1.1. SYSTEM IDENTIFICATION FROM LEADERBOARDS

When artificial models are compared against common biological benchmarks for predictivity (Yamins & DiCarlo, 2016) , models with the top score are deemed better models for neuroscience. As improvements to scores are made over time, ideally, more relevant candidates emerge. Nevertheless, if two artificial models with distinctly different architectures, trained on the same data, happen to be similar in reproducing neural activities (target model), then it would be impossible to conclude what accounts for the similarity. It can be biologically relevant motifs from each architecture, the properties of the stimulus input, or similarity metric. Such ambiguity is due to the many-to-one mapping of a model onto a leaderboard score. Our work shows that multiple factors play a role in representational similarities. An interesting example is offered by Chang et al. ( 2021), which compares many different models with respect to their ability to reproduce neural responses in IT to face images and concludes that the 2D morphable model is best. Operations required in the specific model, such as correspondece and vectorization do not have an apparent biological implementation in terms of neurons and synapses. Nonetheless, it is perhaps not too surprising that the model can predict IT responses well, as there are multiple confounds besides the biological constraints, which affect the neural predictivity.

2. RELATED WORK

While the analogy between neural network models and the brain has been well validated (Bashivan et al., 2019) , the extent of this correspondence across multiple levels (Marr & Poggio, 1976) has been taken for granted. This assumed correspondence could be attributed to methodological limitations of evaluating such models simultaneously across all levels. Jonas & Kording (2017) investigated the robustness of standard analysis techniques in neuroscience with a microprocessor as a ground-truth model to determine the boundaries of what conclusions could be drawn about a known system. The presumption of correspondence could also be attributed to underappreciated variability from model hyperparameters (Schaeffer et al., 2022) . In a similar spirit to Jonas & Kording (2017); Lazebnik (2002), we evaluate system identification on a known ground-truth model to establish the boundaries of what architectural motifs can be reliably uncovered. We perform our analysis under favorable experimental conditions to establish an upper bound. As modern neural network models have grown more prominent in unison with the corresponding resources to train these models, pre-trained reference models have become more widely available in research (Wightman, 2019) . Consequently, the need to compare these references along different metrics has followed suit.
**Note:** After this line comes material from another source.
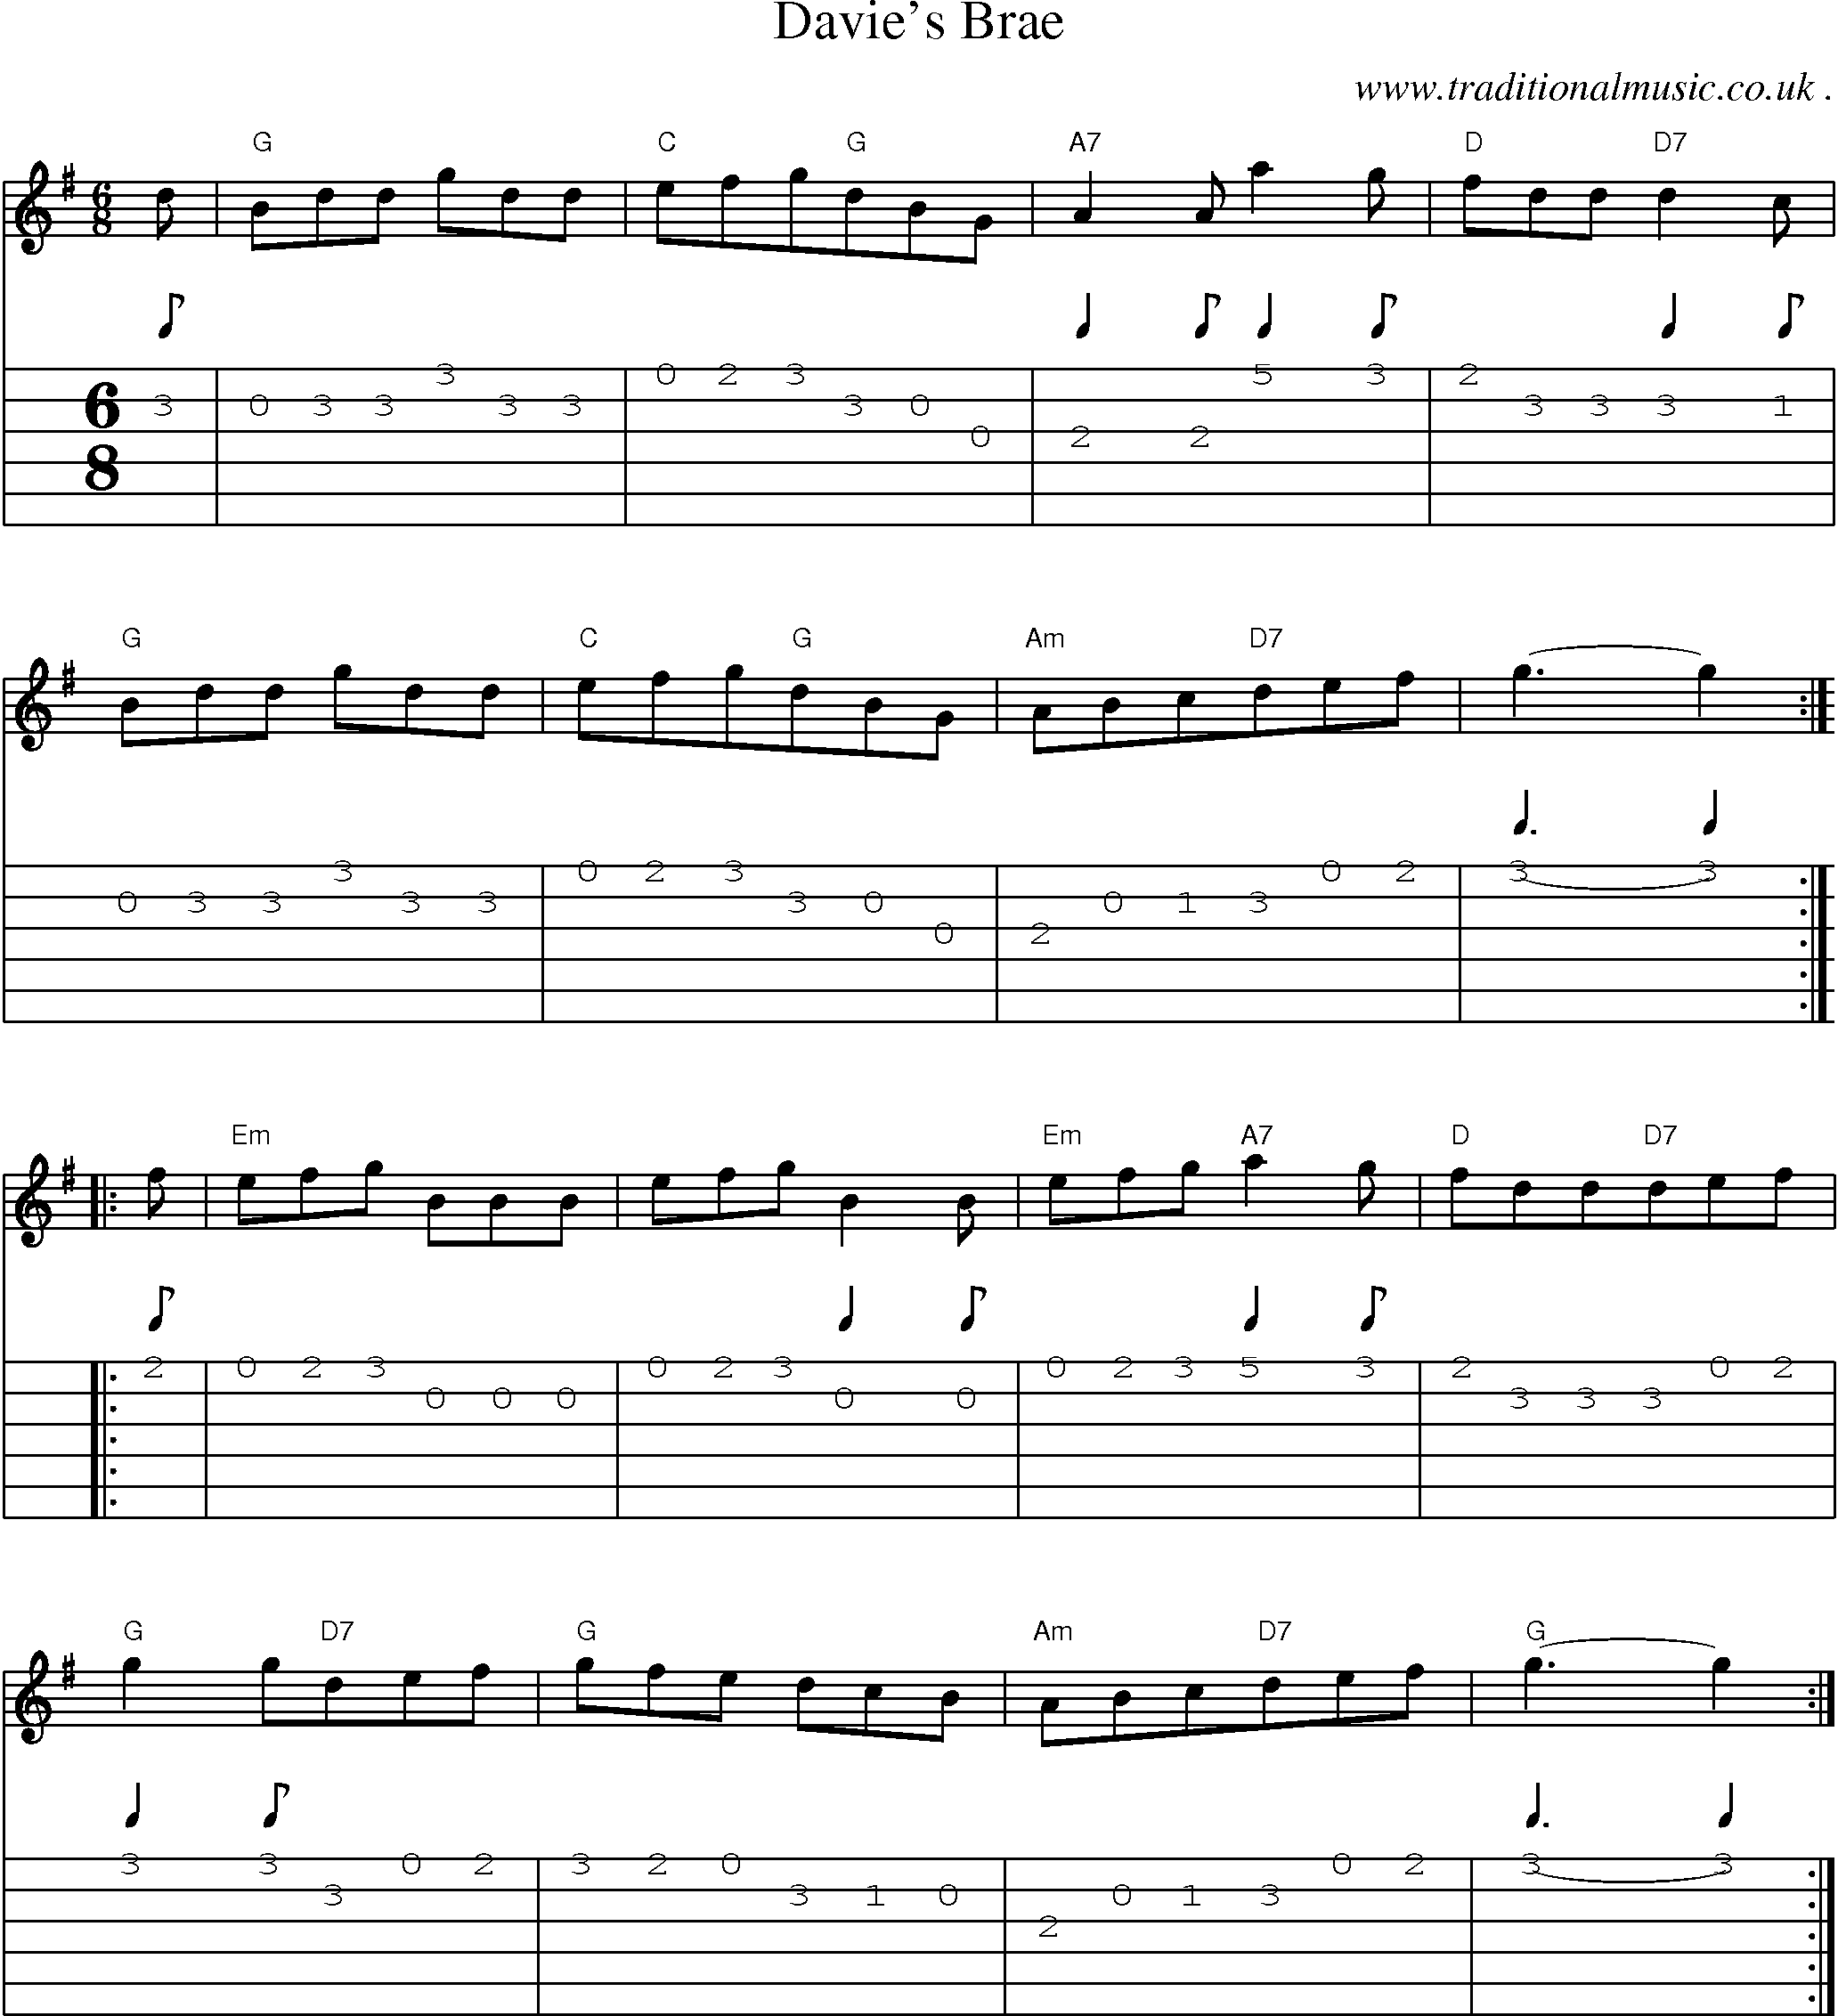 Sheet-Music and Guitar Tabs for Davies Brae

Kornblith et al. (2019); Morcos et al. (2018) explored using different similarity measures between the layers of artificial neural network models. Kornblith et al. (2019) propose various properties a similarity measure should be invariant such as orthogonal transformations and isotropic scaling while not invariant to invertible linear transformations. Kornblith et al. (2019) found centered kernel alignment (CKA), a method very similar to Representation Similarity Analysis (Kriegeskorte et al., 2008) , to best satisfy these requirements. Ding et al. ( 2021) explored the sensitivity of methods like canonical correlation analysis, CKA, and orthogonal procrustes distance to changes in factors that do not impact the functional behavior of neural network models.

3. BACKGROUND AND METHODS

The two predominant approaches to evaluating computational models of the brain are using metrics based on linear encoding analysis for neural predictivity and population-level representation similarity. The first measures how well a model can predict the activations of individual units, whereas the second metric measures how correlated the variance of internal representations is. We study the following neural predictivity scores consistent with the typical approaches: Linear Regression and Centered Kernel Alignment (CKA).